Over the years working in colleges, I have seen many students transform. The ones who graduate on time — and go onto decent careers — transformed the most between freshman and senior years. They became adults and were a lot more polished by the time they got to the stage to get their degrees.

Other students, not so much. Some students fail to adapt while in college; they are less open to change. Their thinking remains rigid, they don’t develop a love for the subject matter. It’s just taking tests for them. Such students are less likely to graduate, or, if they do, they are less likely to get a decent job after. The kind of job that one loves.

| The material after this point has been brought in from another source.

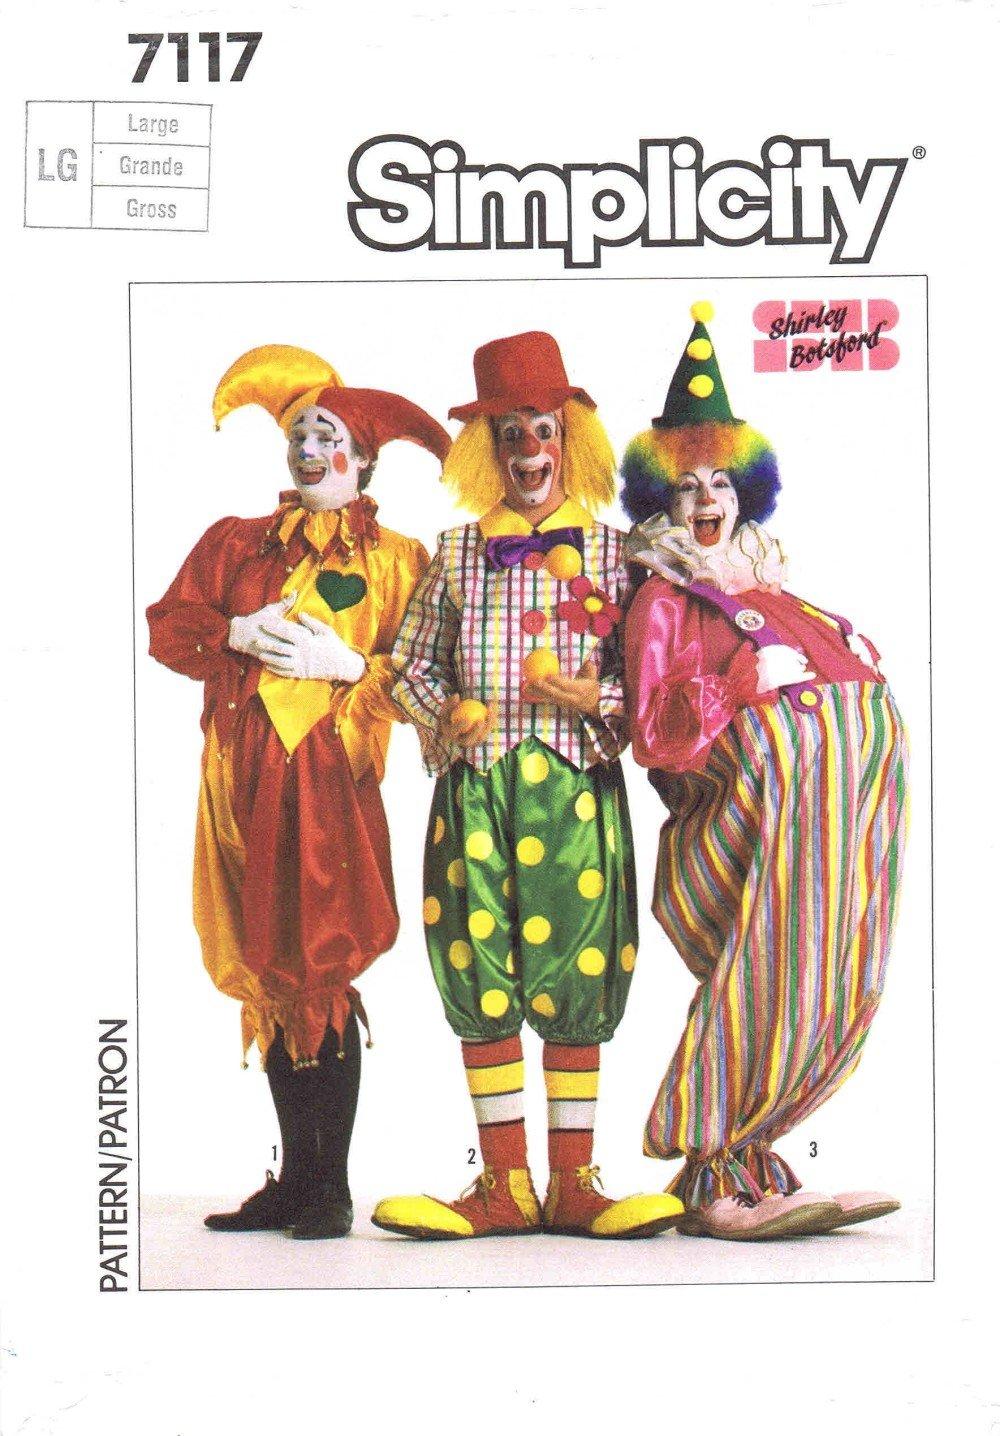 f70b7243e15 Amazon.com  Simplicity 7117 Sewing Pattern Jester Hobo Clown Costumes Chest  36 - 38  Arts

Below is a straightforward checklist of what you should work on eliminating, or at least reducing, before you go onto a career. Take this time in college to perfect yourself. And try to fall in love with at least one subject during these years. Make it your mission.

Binge Drinking

I’m not going to go into a rant as to whether you should drink or not, but in the real world, successful people don’t binge drink in the way some college students do. They may get seriously buzzed, even drunk, but not in a frat-house kind of way. The professional adult (who chooses to imbibe) will choose wine or hard liquor, not funnels of beer, wine coolers or shot after shot. The professional adult will sip, not guzzle. He or she will come up with an exit strategy for a party, as not to embarrass oneself. He or she will also avoid drunk driving. If you do partake in drinking, do it right.

Dance Music

Really assess the music you listen to. Truly compare it to past generations of music. Your bosses will not like most current music, and they may be well versed in music of the 1990s, 1980s and prior. You should have a working knowledge of all of the bands that played at the original Woodstock. This event happened before I was born, too, but I can freely admit that the era from 1965-75 may be the best ever in rock music. It’s OK if you like Lady Gaga and Rihanna, but at least have some respect and knowledge of the music that came before them.

Picky Eating

So many college students are picky eaters. I was, too, but added a few food items here and there over the years to the point where I can be considered adventurous at times. Your picky eating is your subconscious mind playing games with you. You feel you have a lack of control in other aspects of your life, so thus become a control freak in areas where you can — such as meals. However, in the professional networking world, all kinds of foods will be presented. You at least will have to make an effort at eating them as a part of being social. Don’t worry, you’re not selling out your principles if you try something new. It’s not the proverbial “Kool-Aid.” Also, learn basic table manners. I’m sure there is a video on YouTube on that. And don’t pig out, either. That looks even worse than eating nothing.

Sneakers

Sneakers are for weekends and the gym, and that’s about it. Start wearing actual shoes to class to get used to that feel. You could start with some leather Sketchers or similar. No sandals or work boots, either. Maybe wearing better shoes will help your dating prospects, as well.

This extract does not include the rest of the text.